Я совладел с одышкой и сказал: «Долорес, всё это должно прекратиться немедленно. Я готов выхватить тебя из Бердслея и запереть ты знаешь где, или это должно прекратиться. Я готов увезти тебя через несколько минут — с одним чемоданом; но это должно прекратиться, а не то случится непоправимое».
«Непоправимое? Скажите пожалуйста!»
Я отпихнул табурет, который она всё раскачивала пяткой, и нога её глухо ударилась об пол.
«Эй», крикнула она, «легче на поворотах!»

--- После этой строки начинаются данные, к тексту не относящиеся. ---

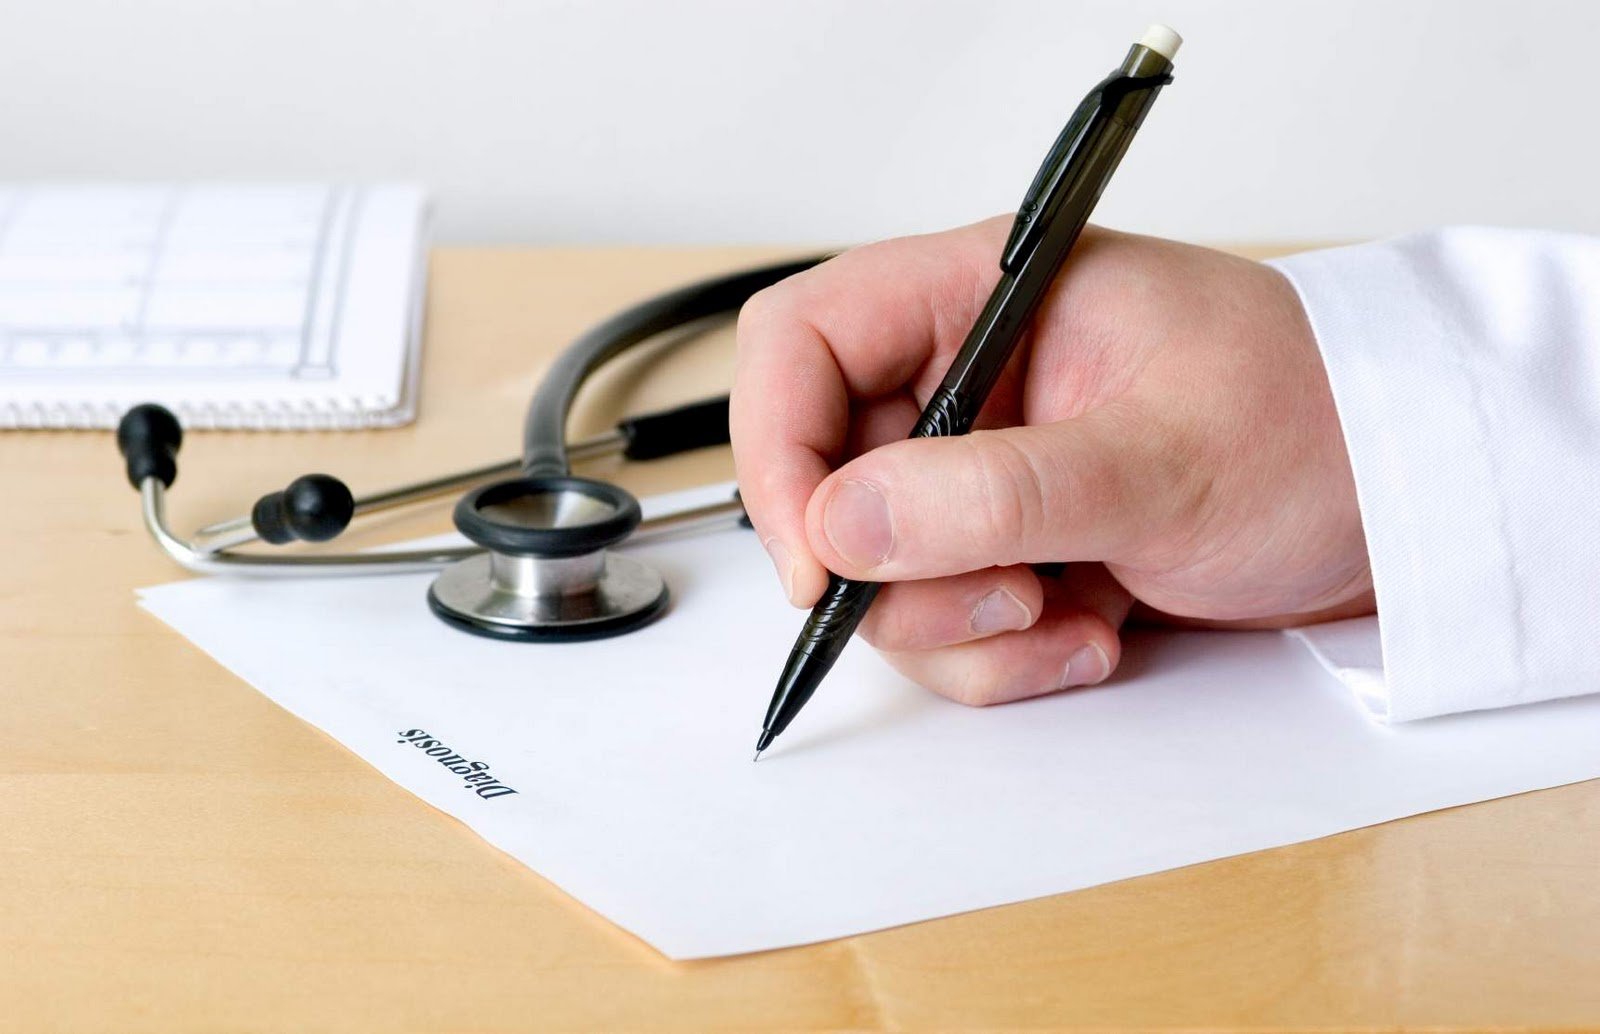 To Υπ. Υγείας απέσυρε την απόφαση για συνταγογράφηση από νοσηλευτές

«Прежде всего, марш наверх!» крикнул я в свою очередь и одновременно схватил и вытащил её из кресла. С этой минуты я перестал сдерживать голос, и мы продолжали орать друг на дружку, причём она говорила непечатные вещи. Она кричала, что люто ненавидит меня. Она делала мне чудовищные гримасы, надувая щёки и производя дьявольский лопающийся звук. Она сказала, что я несколько раз пытался растлить её в бытность мою жильцом у её матери. Она выразила уверенность, что я зарезал её мать. Она заявила, что она отдастся первому мальчишке, который этого захочет, и что я ничего не могу против этого. Я велел ей подняться к себе и показать мне все те места, где она припрятывает деньги. Это была отвратительная, нестерпимо-громкая сцена. Я держал её за костлявенькую кисть, и она вертела ею так и сяк, под шумок стараясь найти слабое место, дабы вырваться в благоприятный миг, но я держал её совсем крепко и даже причинял ей сильную боль, за которую, надеюсь, сгниёт сердце у меня в груди, и раза два она дёрнулась так яростно, что я испугался, не треснула ли у неё кисть, и всё время она пристально смотрела на меня этими своими незабвенными глазами, в которых ледяной гнев боролся с горячей слезой, и наши голоса затопляли звонивший наверху телефон, и в этот самый миг, как я осознал этот звон, она высвободилась и была такова.
С персонажами в кинофильмах я, по-видимому, разделяю зависимость от всесильной machina telephonica и её внезапных вторжений в людские дела. На этот раз оказалось, что звонит разозлённая соседка. Восточное окно гостиной оставалось широко открытым, — хотя штора по милости судьбы была опущена; и за этим окном сырая чёрная ночь кислой новоанглийской весны, затаив дыхание, подслушивала нашу ссору. Мне всегда думалось, что тип внутренне похабной старой девы, внешне похожей на солёную пикшу, — чисто литературный продукт скрещивания родством связанных лиц в современном американском романе; но теперь я убеждён, что щепетильная и блудливая мисс Восток — или по-настоящему (вскроем это инкогнито) мисс Финтон Лебон — должно быть по крайней мере на три четверти высунулась из окна своей спальни, стараясь уловить суть нашей ссоры.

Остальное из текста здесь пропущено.